FINEARTS-HF Baseline Data Offer Insight into Historic Trial, with Scott Solomon, MD


Scott Solomon, MD, of Brigham and Women's Hospital, discusses how baseline patient characteristics inform what cardiologists might learn from the FINEARTS-HF trial, which he presented at Heart Failure 2023.

Scott Solomon, MD | Credit: Brigham and Women's Hospital

Scott Solomon, MD
Credit: Brigham and Women's Hospital

At the Annual Congress of the Heart Failure Association of the European Society of Cardiology (Heart Failure 2023), the heart failure community were given the latest glimpse into the FINEARTS-HF trial.

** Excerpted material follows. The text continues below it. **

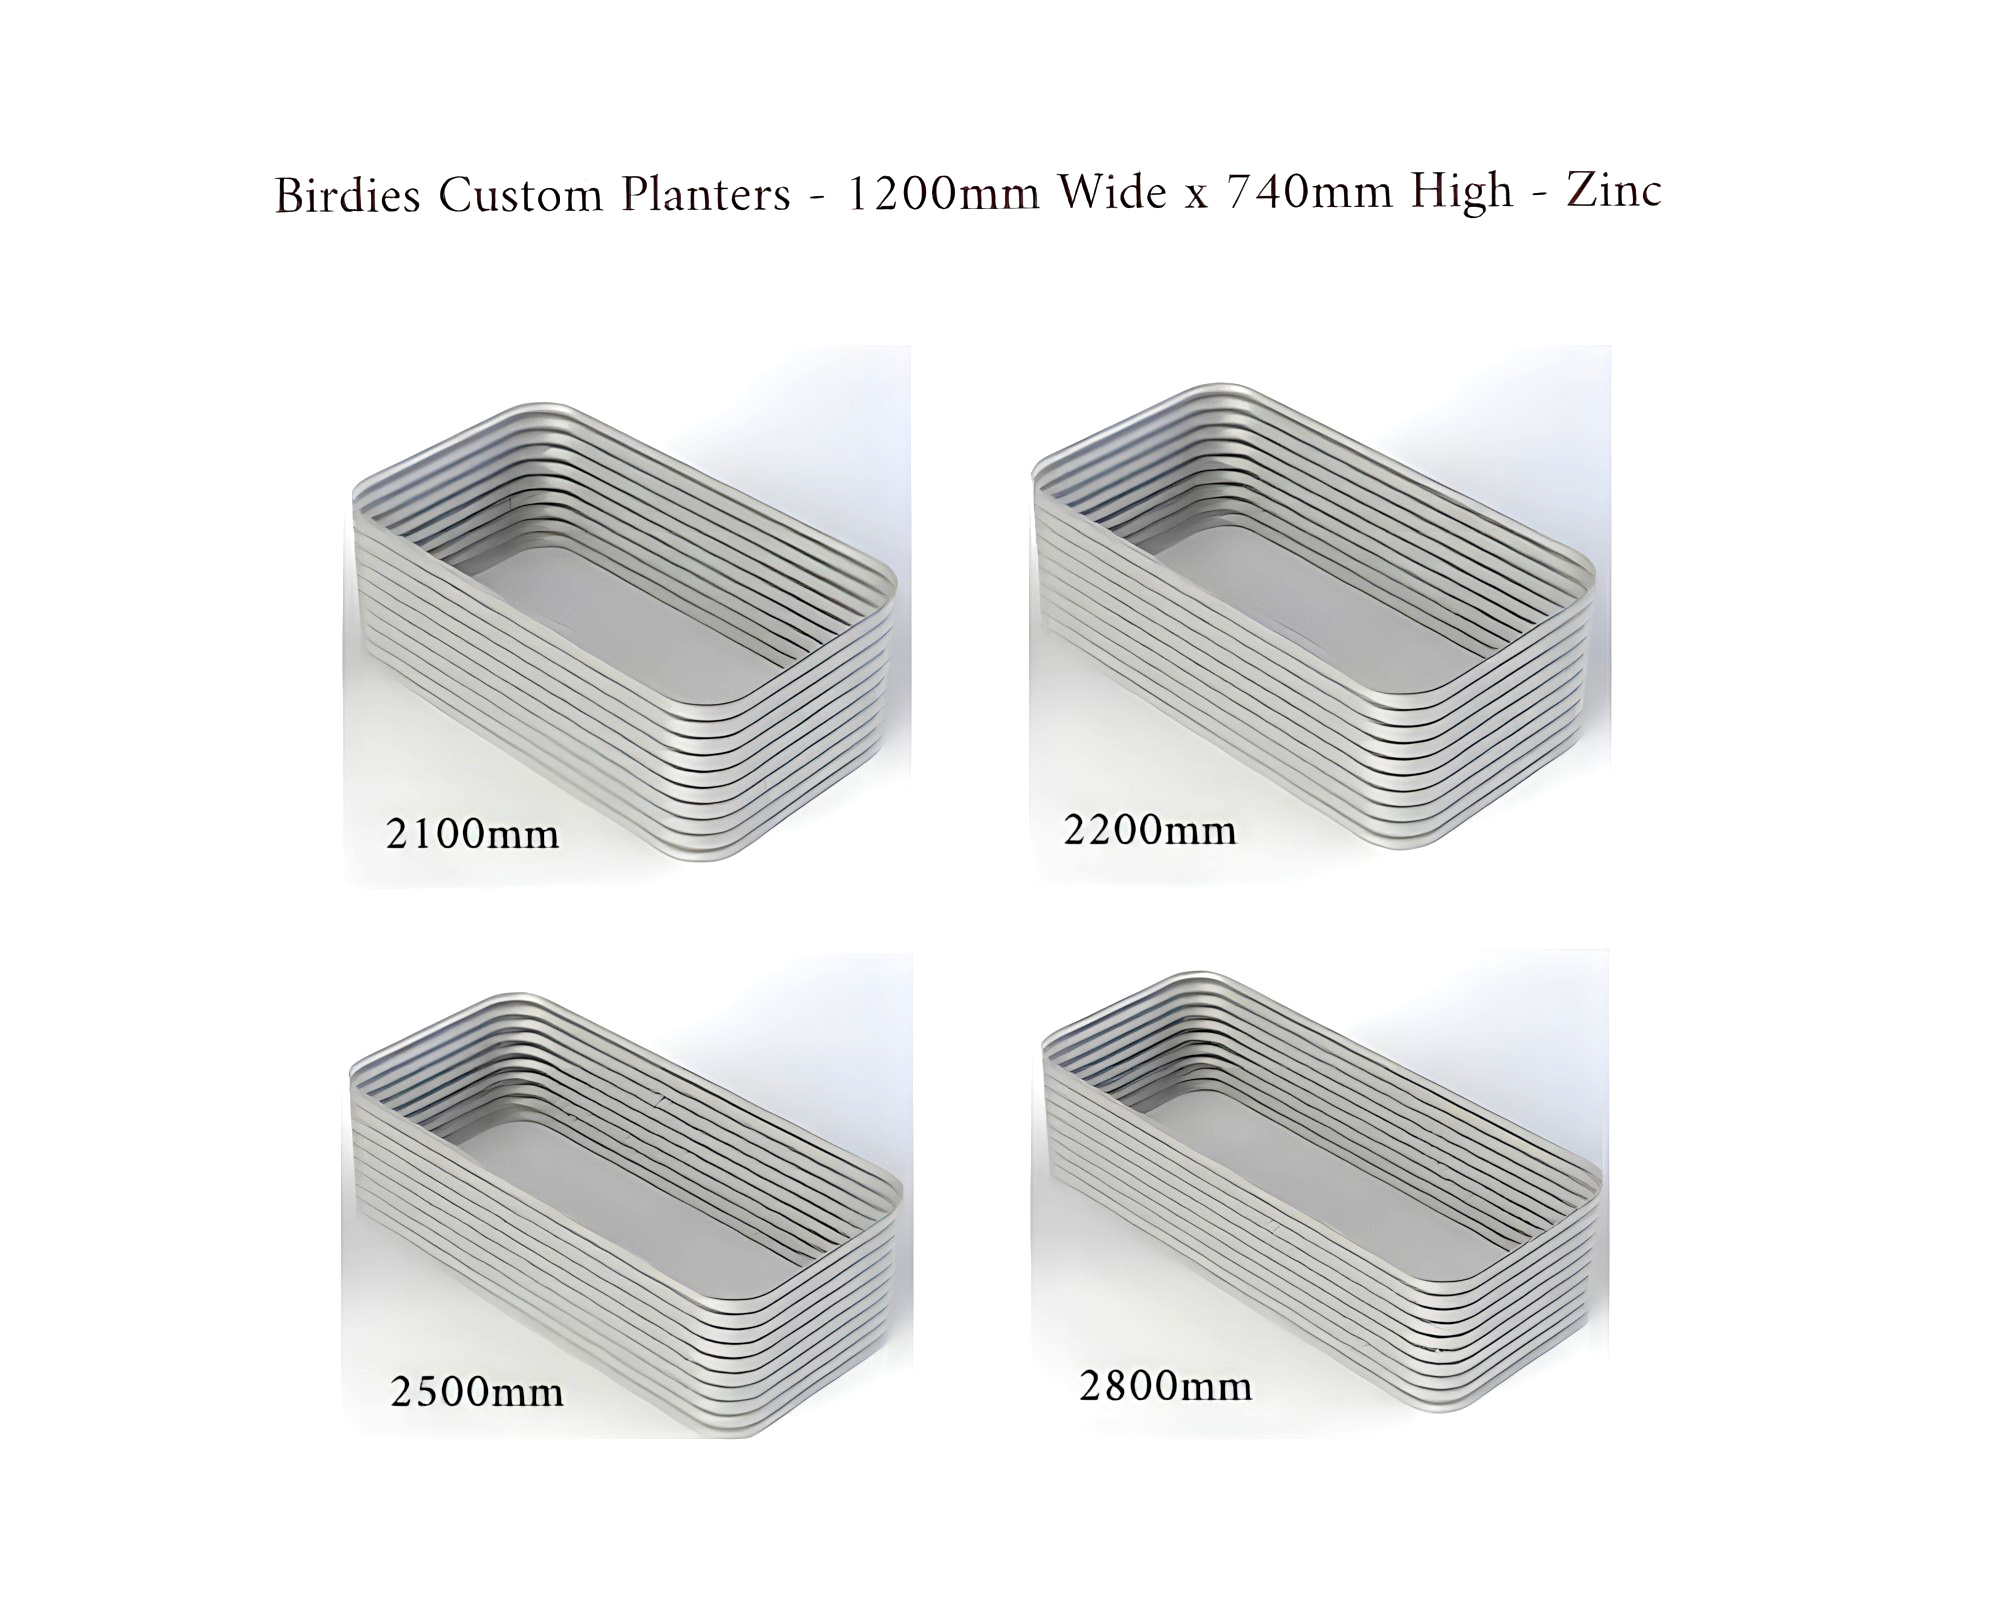 Birdies Custom Planters - 1200mm Wide x 740mm High - Lengths: 2100mm, 2200mm, 2500mm, 2800mm - Zinc

A trial examining use of finerenone (Kerendia) in a cohort of patients with heart failure with mildly reduced or preserved ejection fraction, baseline data from the study cohort were presented by Scott Solomon, MD, director of the Clinical Trials Outcomes Center and Edward D. Frohlich Distinguished Chair at Harvard Medical School, which provided members of the community with context into the historic nature of the trial and the cohort.

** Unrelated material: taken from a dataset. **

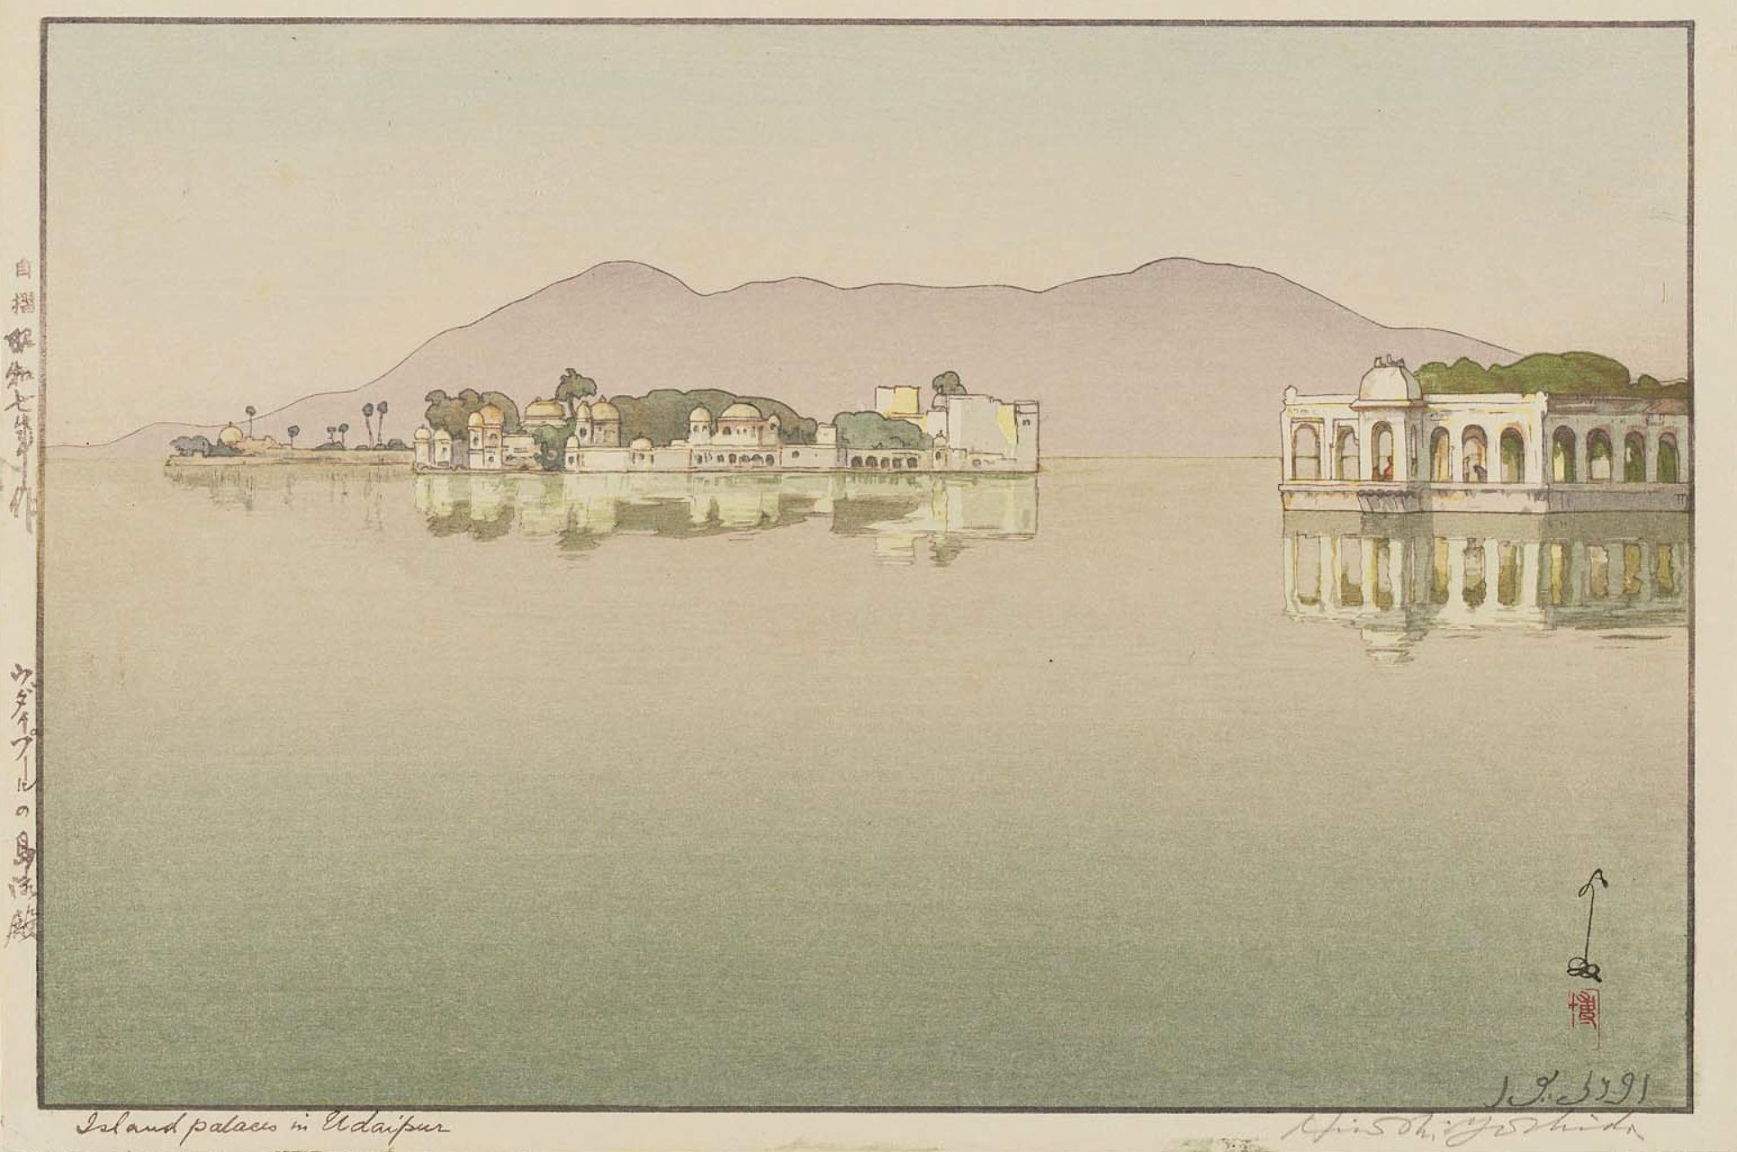 Island Palaces in Udaipur woodblock print

According to data presented at the meeting, the trial has enrolled 6014 participants. For inclusion in the trial, patients were required to be 40 years go age or older, have a left ventricular ejection fraction equal to or greater than 40%, have a serum potassium level of 5.0 mmol/L or less, and have an eGFR of 25 ml/min/1.72m2 or greater. Investigators pointed out the study population for those with an ejection fraction equal to or greater than 60% was capped at 20%. Of note, patients were excluded if they reported MRA use within 30 days of randomization, had a history of MI or any event that could have reduced ejection fraction within 90 days of randomization, or if they had a systolic blood pressure equal to or exceeding 160 mmHg.

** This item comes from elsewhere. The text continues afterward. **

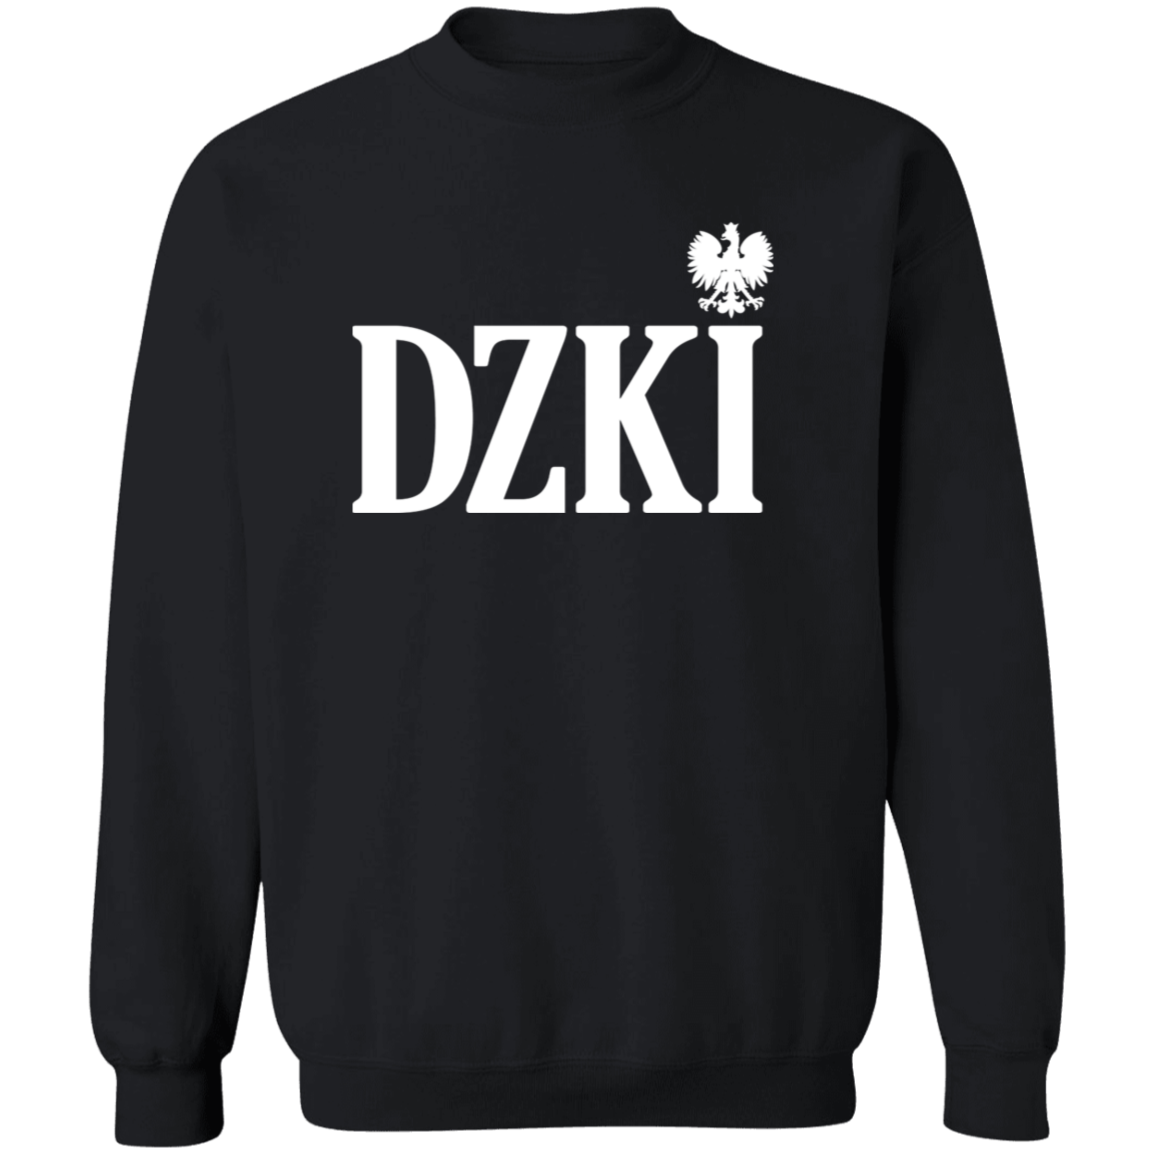 DZKI Polish Surname Ending Apparel CustomCat G180 Crewneck Pullover Sweatshirt Black S

Billed as a “broadly inclusive trial”, the overall study cohort had a mean age at baseline of 72 (SD, 10) years, 45% are female, and 79% were White. Further analysis of baseline characteristics revealed 99% of patients had NYHA Class II or III heart failure, the mean KCCQ-TSS was 67 (SD, 24), the mean left ventricular ejection fraction was 53% (SD, 8), and 39% of the cohort had atrial fibrillation or flutter on enrollment.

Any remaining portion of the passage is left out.